In other words, they are the beneficiaries of and conscious contributors to everyday white supremacy, the accepted norm.
Fighting back
We have much work to confront, disarm and defund the daily norm of state-sanctioned white supremacist violence. Look no further than the shockingly disproportionate incarceration of Indigenous and Black people in this country, the carding of well over 1 million racialized people by the Toronto police, an immigration system that remains riddled by racist bias, and the unleashing of the Canadian military, paramilitary RCMP and spy agencies like CSIS against Indigenous land and water defenders. But what alternatives exist for those threatened by street-level white supremacist violence, without resorting to repressive mechanisms like the terrorist entity listing process?
As always, it is the communities that are the target of such violence that are organizing to resist it, as seen, for example, in responses to anti-Asian racism during the pandemic, Black Lives Matter, anti-Indigenous racism, and repression against those without status. We can also look to history. There is rich documentation, and there are many remaining living witnesses, from the Black liberation struggles waged stateside, where similar questions arose in the context of whether state power could be used as a constraining force to limit or even neutralize groups like the KKK.
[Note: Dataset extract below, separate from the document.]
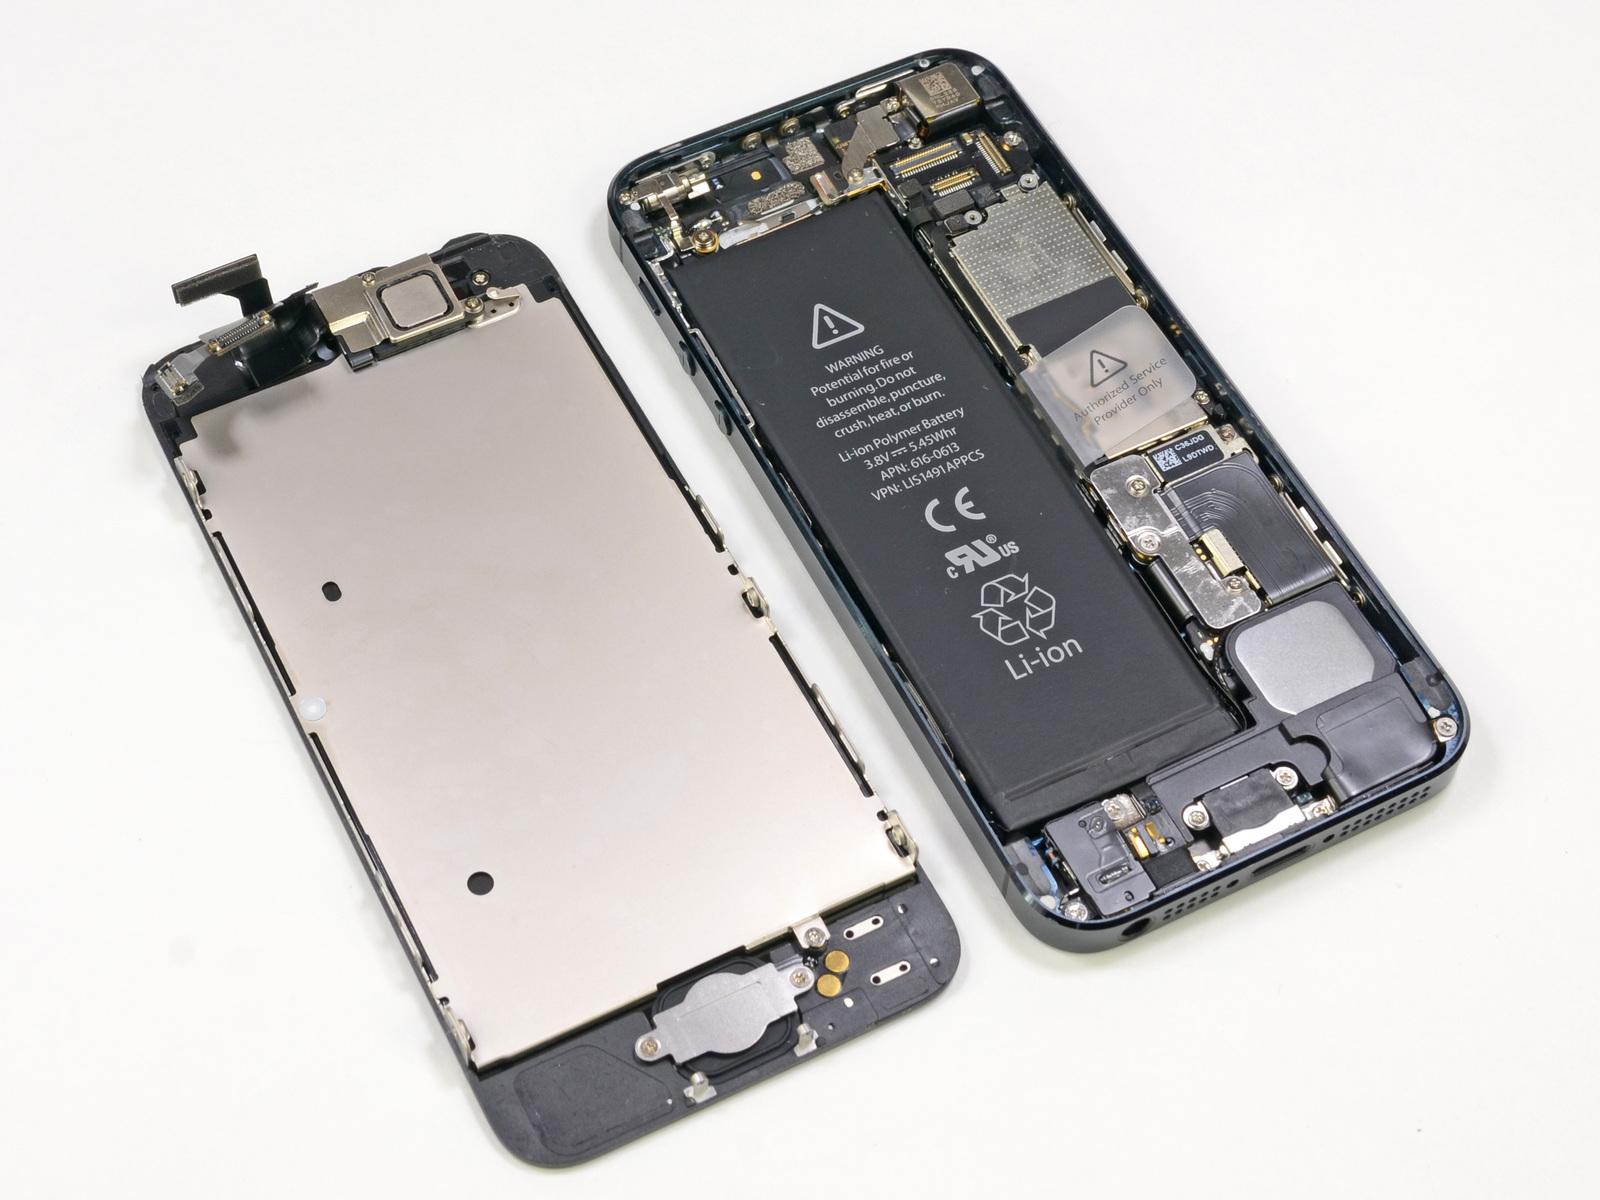 Spare parts & Repair Prices | iPhone Repair Services in Qatar

In a context where targeted, racialized communities that traditionally bear the brunt of state terror at home suddenly see the government’s attention shift to the reprehensible violence of racist street thugs, it makes sense that there might be a sigh of relief that translates into “perhaps this will take some of the heat off of us.” But as Malcolm X famously declared:
“If you stick a knife in my back nine inches and pull it out six inches, there’s no progress. If you pull it all the way out that’s not progress. Progress is healing the wound that the blow made. And they haven’t even pulled the knife out much less heal the wound. They won’t even admit the knife is there.”
The knife of Canada’s anti-terrorism regime remains firmly stuck in the belly of many targeted communities. Part of removing that knife is abolishing the regime that put it there in the first place. For those of us with relative privilege, that remains a critical challenge: what are we willing to do to shield and support targets of white supremacist violence, whether that emerges from the gun-wielding police officers, the offices of Canada’s federal agencies, the gun barrels of RCMP sharpshooters exercising “lethal overwatch” at Wet’suwet’en, or the kid on the street putting on his first yellow vest and waving a very dangerous flag?
Matthew Behrens is a freelance writer and social justice advocate who co-ordinates the Homes not Bombs non-violent direct action network. He has worked closely with the targets of Canadian and U.S. “national security” profiling for many years.